6

I'm working with a large dataset of products(~1 million). These products come from many different sources and thus the way they have data listed in inconsistent. One of the big issues is variances product Brand names (~17,000 unique brands). Some brands have as many as 10 variances that need to be related together.

Issues:


  1. Inconsistant Spacing: Jet Boil VS Jetboil
  2. Punctuation: Granger's VS Grangers
  3. Noise Words: The North Face VS North Face
  4. Taxomonies: Armada VS Armada Skis
  5. Symbols: Phil and Teds VS Phil&Teds
  6. Mis-spelling: Patagonia VS Pategonia
  7. Other Oddities: Bell Sports VS Bell Sports #81037

Example Dataset


Black Diamond
Black Diamond (Uda)
Black Diamond Co
Black Diamond Eq Ltd
Black Diamond Eqp #76800
Black Diamond Equipment
Black Dog Machine Llc
Black Dome Press
Black Dot
Black Dragon
Black Fire
Black Flys
Black Forest Girl
Black Gold
Black Hawk Inc.
Black Hills
Black Knight
Black Label
Black Magic
Black Marine
Black Market Bikes
Black Max
Black Opal
Black Ops
Black Rain Ordance Inc.
Black Rain Ordnance
Black Rapid
Black Ribbon
Black Rifle Disease Engineerin
Black River Bucks
Black Seal
Black Seed
Black Swan
Black Tower
Black Widow
Black's

Consequences (as suggested in a comment)

  • An incorrect association will result in unrelated brands being displayed in product searches and thus weaken the usability of the presentation layer
  • Missing an association will result in the same brand being displayed multiple in a filter list and thus weaken the usability of the presentation layer

I realize that is is a large problem and likely beyond the scope of what can be resolved in a stack overflow article, but I'm looking for inspirations on how to tackle this problem.

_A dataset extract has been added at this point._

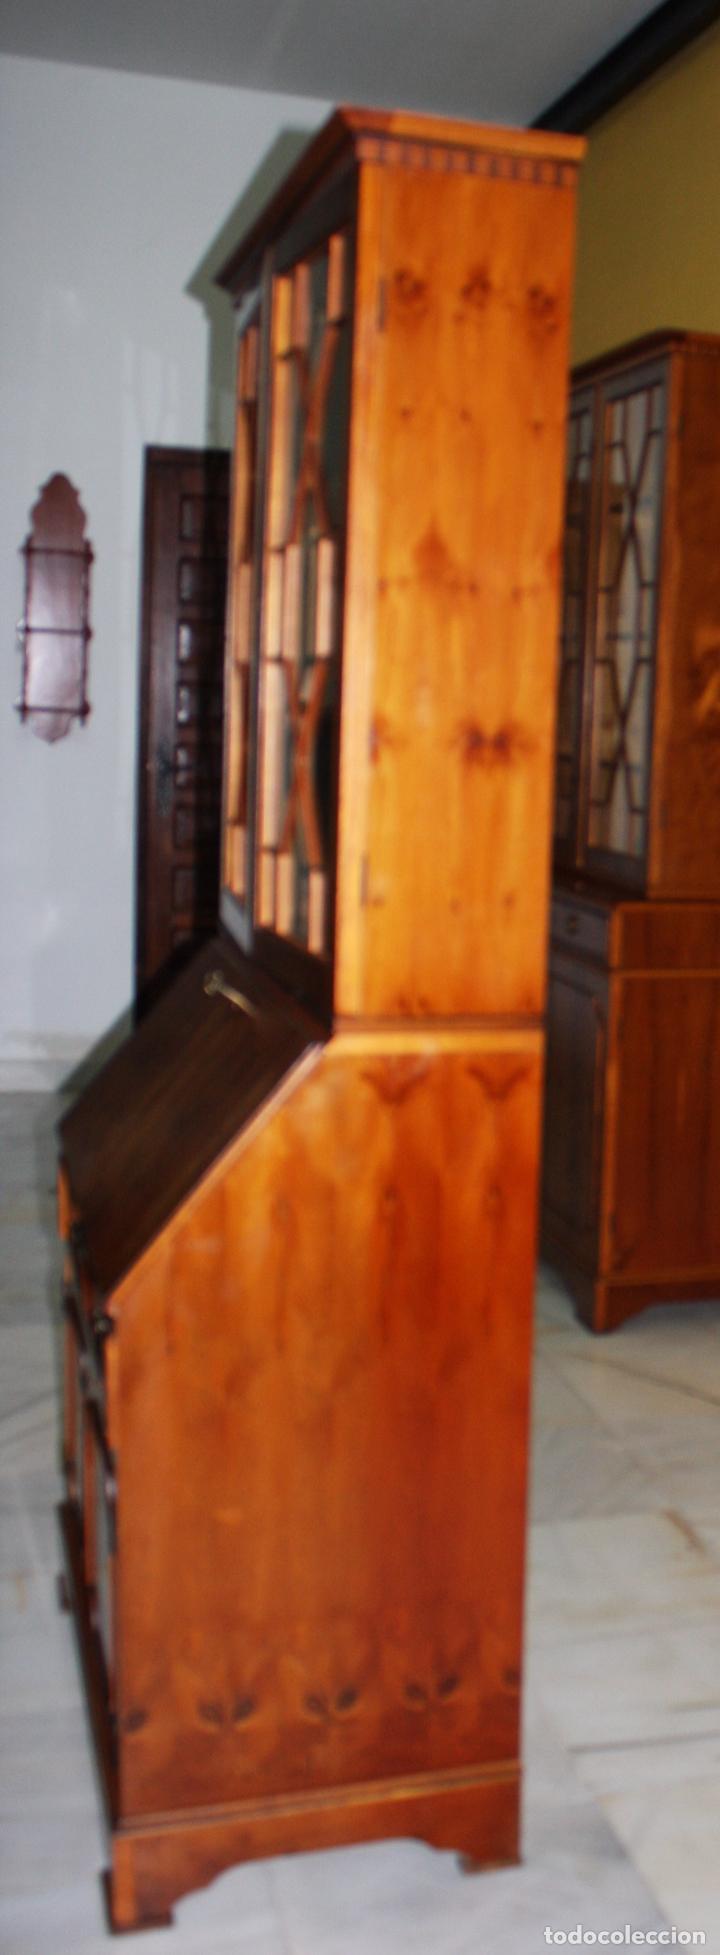 vitrinabiblioteca secreter inglesa ref 6068  Comprar Vitrinas Antiguas en todocoleccion  98402595

Any algorithm, software pattern, or process that may help is welcome.

NSjonas
  • 10,693
  • 9
  • 66
  • 92
  • 1,2,3 and 5 seems easy. I did not understand 4. 6 can be fixed by a dictionary or ancyclopedia resource file(finding the closest match). 7: same occurences? easy. – huseyin tugrul buyukisik Sep 07 '12 at 20:16
  • 4. is the base brand name vs the brand + what they make. EX: LiquidLogic vs LiquidLogic Kayak's. They are the same brand and need to be related together. – NSjonas Sep 07 '12 at 20:20
  • Look at the dataset i just added. Complexity is added because you have brand Matches like Columbia vs Columbia River Sports, which in fact are 2 different brands – NSjonas Sep 07 '12 at 20:21
  • You can parse all different words then put inside a hashtable. Then start over again but this time you use your hashtable/hashmap to compare your parsed lines. Then, for each similar word you add another branch deeper. – huseyin tugrul buyukisik Sep 07 '12 at 20:25
  • 1
    A useful thing for you to know would be: 1, The consequences of missing a valid name match; and 2, The consequences of making a wrong match. I think these may affect any algorithm. – Paddy3118 Sep 08 '12 at 08:02
  • good point, I'll make an update – NSjonas Sep 11 '12 at 18:02

1 Answers1

3

Well, the way I would approach this would be to use some distance metric to quantify similarity between phrases and then cluster the terms by their distances.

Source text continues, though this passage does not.